The historical relationship between ISM Prices Paid and downstream inflation offers some context. Periods that fall into the top decile of two-month increases have often tended to be followed by firmer goods inflation. For example, the core goods Consumer Price Index has averaged roughly 2.04% on an annualized basis in the three months following these spikes, compared with about 1.29% in the three months prior. Goods inflation has tended to run hotter after large increases in ISM Manufacturing Prices Paid, indicating that upstream cost pressures translate into pass-through pricing.
The ISM’s own report points to several forces behind the latest move. It highlights higher steel and aluminum prices, tariffs on imported goods and rising petroleum-based inputs tied to the Middle East conflict. Supplier deliveries have slowed, indicating renewed friction in supply chains, while a majority of firms reported paying higher prices across industries. The combination points to a broader escalation in cost pressures across the manufacturing sector.
The size of the increase stands out historically, and past episodes suggest that similar changes have been associated with a pickup in goods inflation, even if the overall level remains below extremes. This does not determine the path of inflation on its own, but it points to building cost pressures within the production process. Higher potential inflation complicates the Federal Reserve’s policy path, reinforcing a more cautious stance as policymakers assess whether these cost pressures prove persistent. Markets often focus on the level of inflation, while changes in direction can provide earlier insight into what comes next. The recent surge in ISM Prices Paid reflects how quickly prices are rising, and that shift in direction is what matters.

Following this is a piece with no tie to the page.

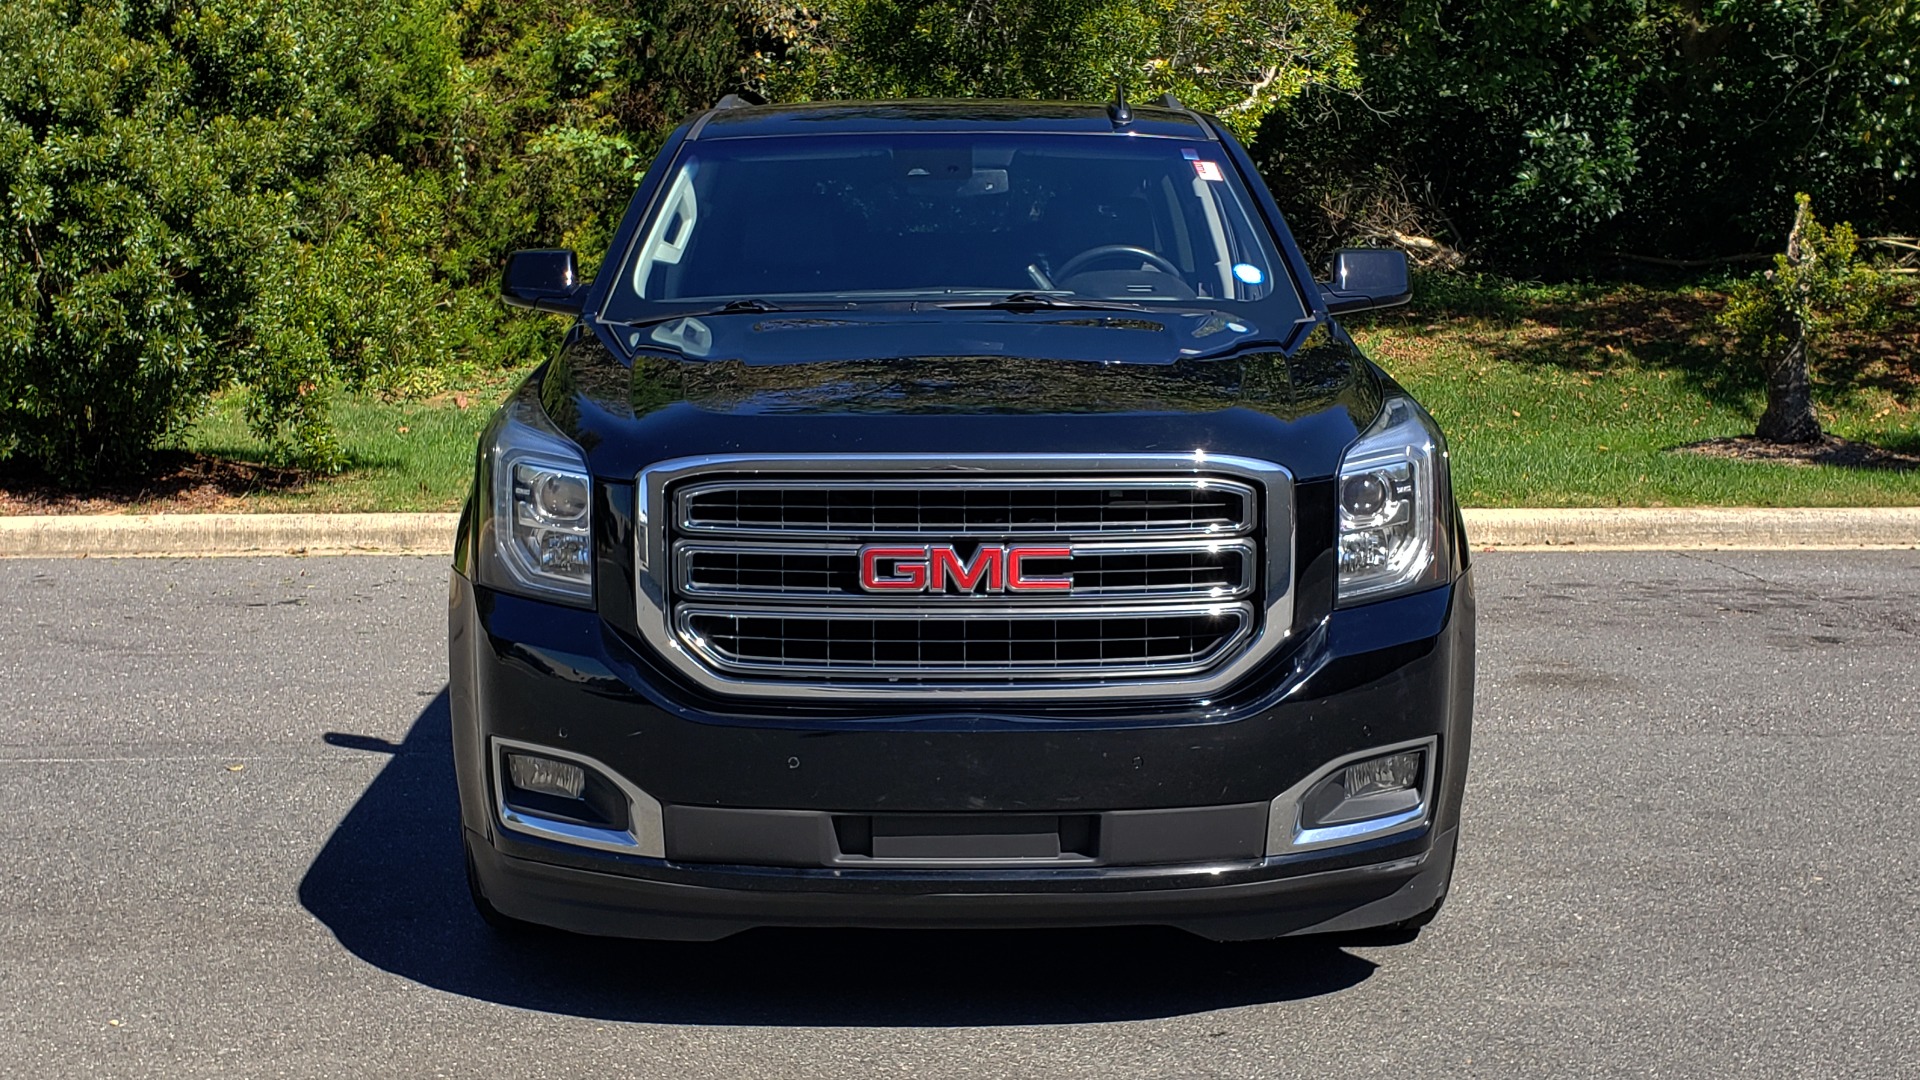 Used 2016 GMC YUKON XL SLT / NAV / BOSE / 3-ROWS - SEATS 8 / REARVIEW for sale Sold at Formula Imports in Charlotte NC 28227 24

Between the Lines is a weekly blog by DoubleLine Portfolio Managers Sam Garza, Joseph Mezyk and Quant Analysts Fei He, CFA and Sunyu Wang that breaks down topical macro and market issues. For questions or suggestions please e-mail us at betweenthelines@doubleline.com. The views and opinions expressed herein are those of the authors and do not necessarily reflect the views of DoubleLine Capital LP, its affiliates or employees.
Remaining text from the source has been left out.